The project hypothesized that stable environmental conditions are a form of non-equilibrium thermodynamical steady states and would thus minimize entropy production. This hypothesis was falsified; it appeared that differences in substrate affinity governed communal metabolism which led to excess energy dissipation.
The studies led to observations of potentially high practical value. For example, in one study it was shown that differences between substrate affinities of the nitrite reductases of two different pathways for nitrate reduction was the key factor in the ecological selection for either pathway.

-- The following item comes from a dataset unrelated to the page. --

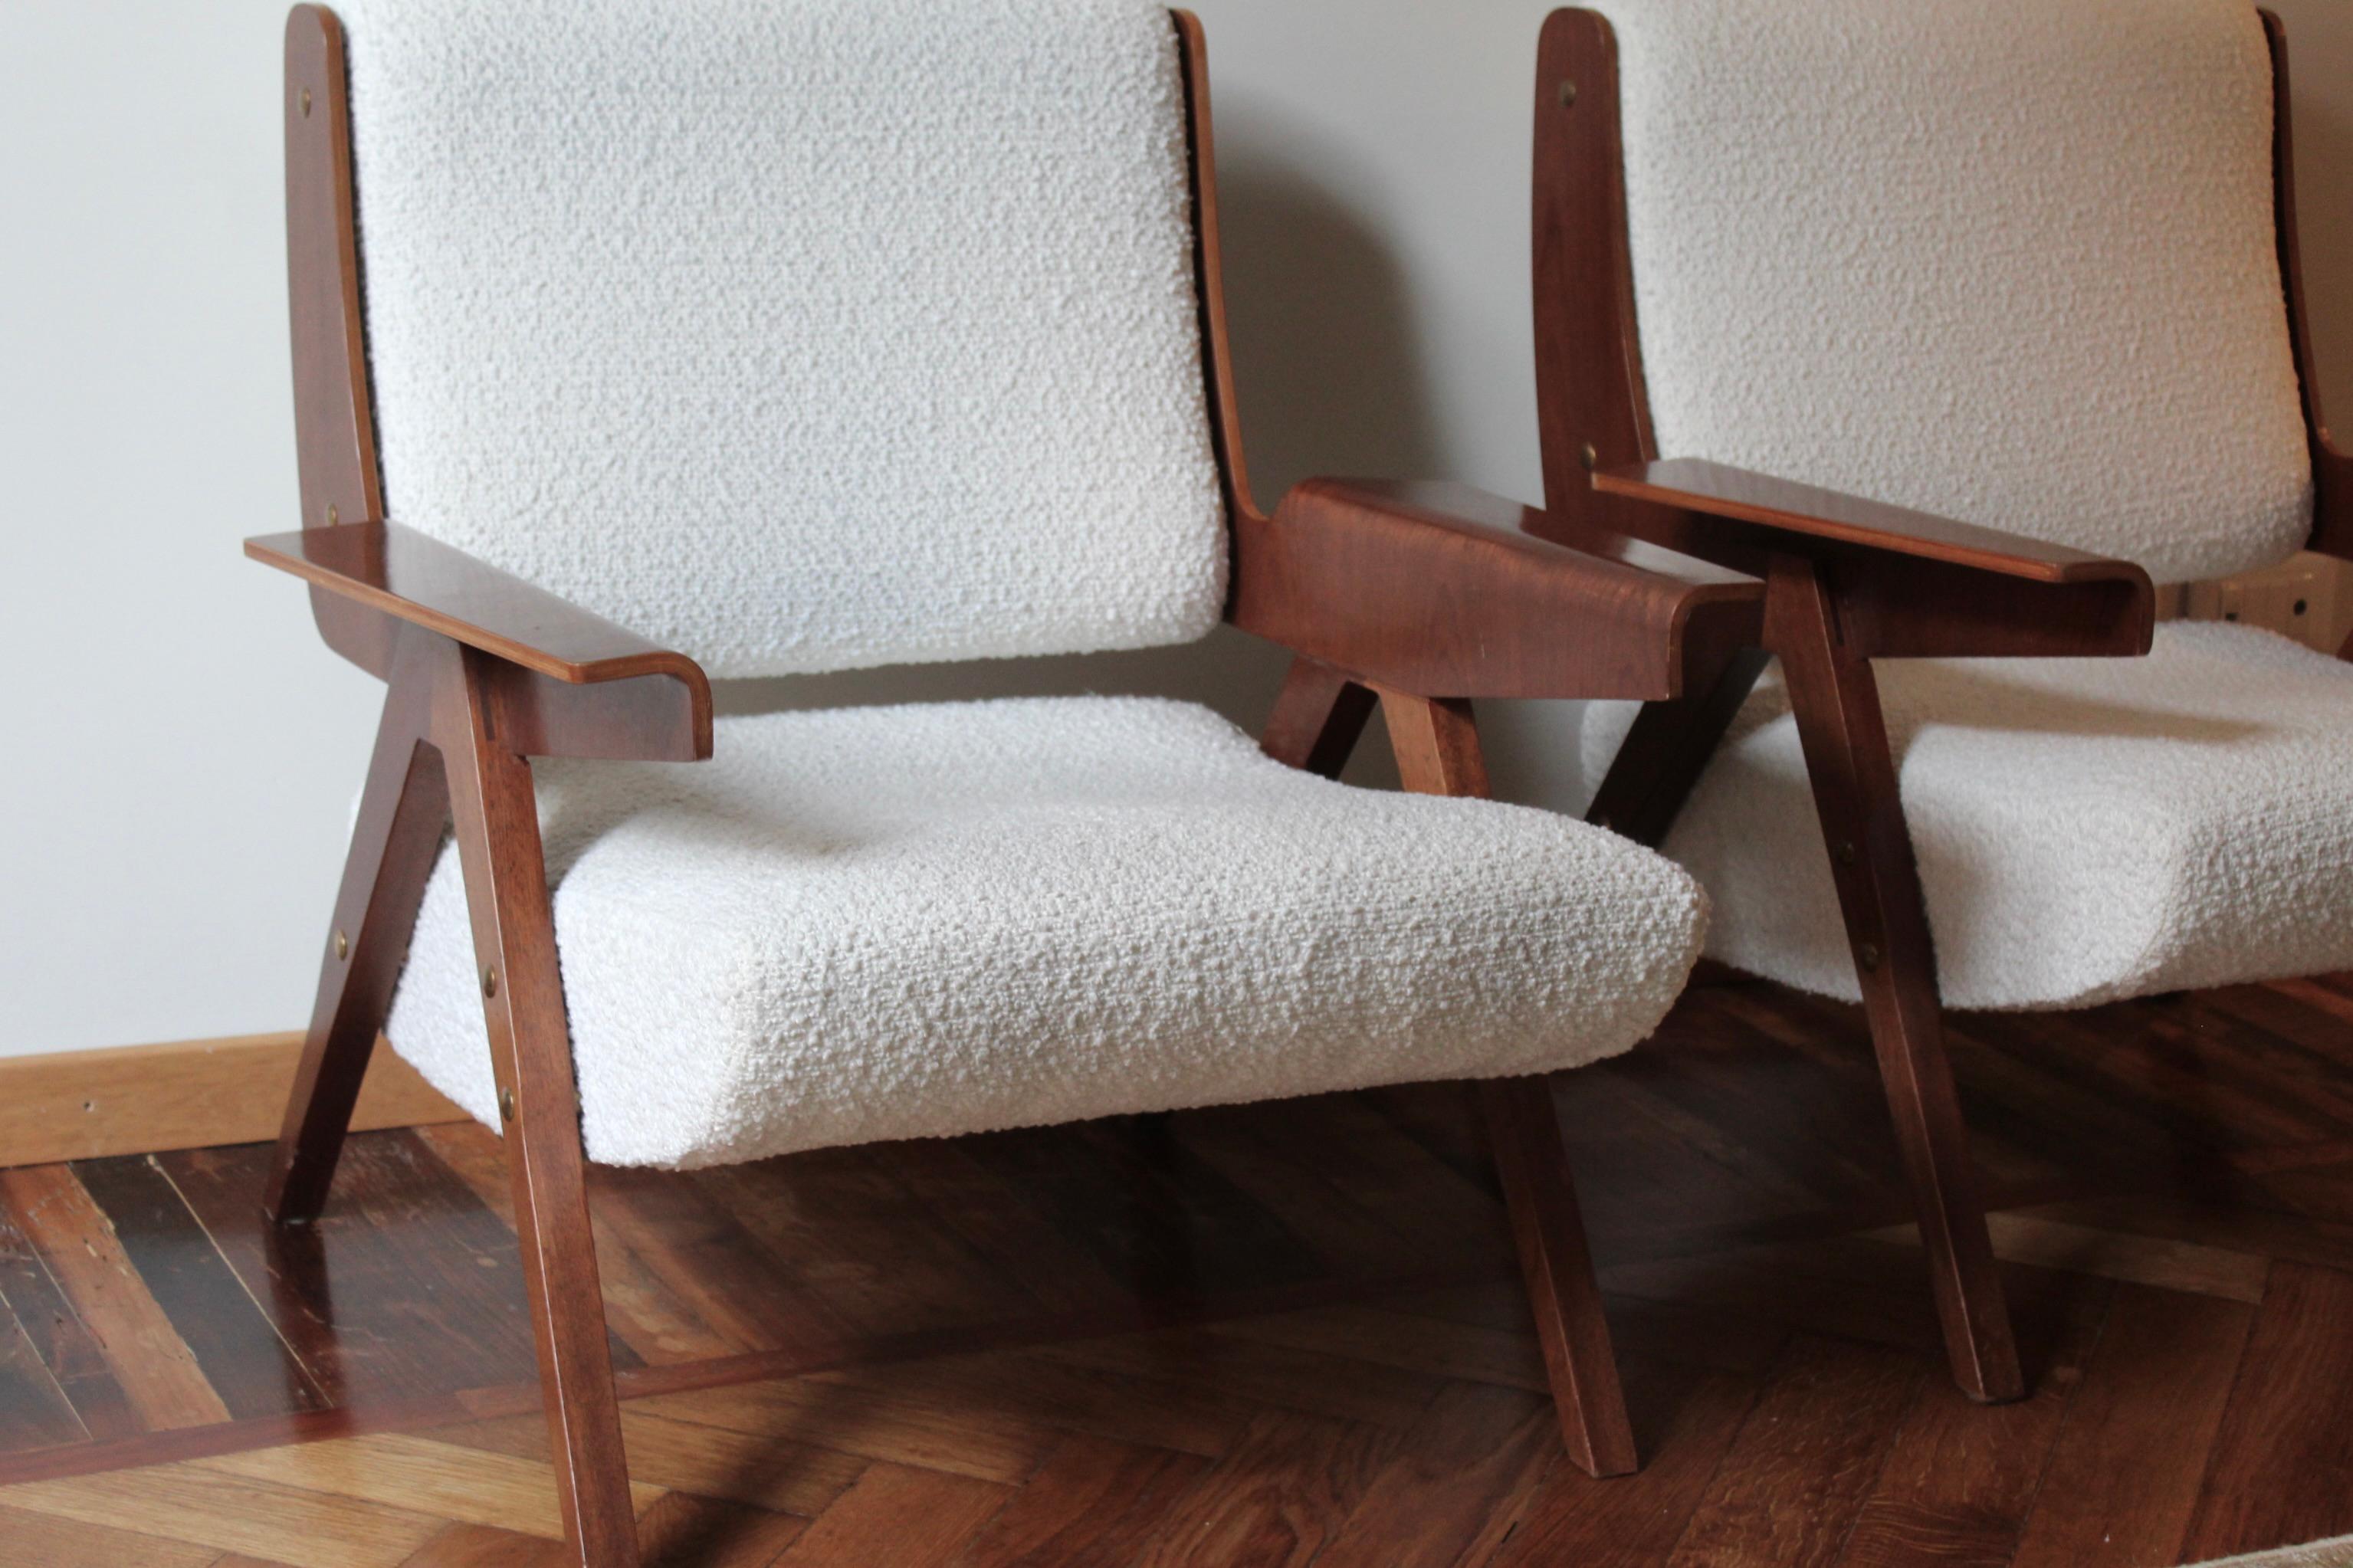 Mid-20th Century Gianfranco Frattini, Lounge Chairs Plywood, White Fabric, Cassina Italy, C. 1955 For Sale

Most fixed nitrogen in the biosphere originates from anthropogenic sources such as the industrial production of ammonium fertilizer. Uptake of fertilizer by crops is only 17% efficient and 1-5% of fertilizer ammonium is converted biologically into nitrous oxide, a long-lived and powerful greenhouse gas. Microbial nitrification also converts a large portion of the fertilizer ammonium to nitrate in soil, where it subsequently runs off into surface waters and contributes to eutrophication in coastal zones. Nitrate emissions are partially remediated by denitrification in engineered environments such as waste-water treatment plants. If the end product of microbial nitrate reduction could be influenced by tuning environmental conditions this would yield significant ecological and economic benefits for both natural and engineered systems.
The MASEM project team showed which environmental conditions select for either process. Microbial generation time, supply of nitrite relative to nitrate and the carbon to nitrogen ratio were identified as key environmental controls that determine whether nitrate will be reduced to nitrogenous gas or ammonium.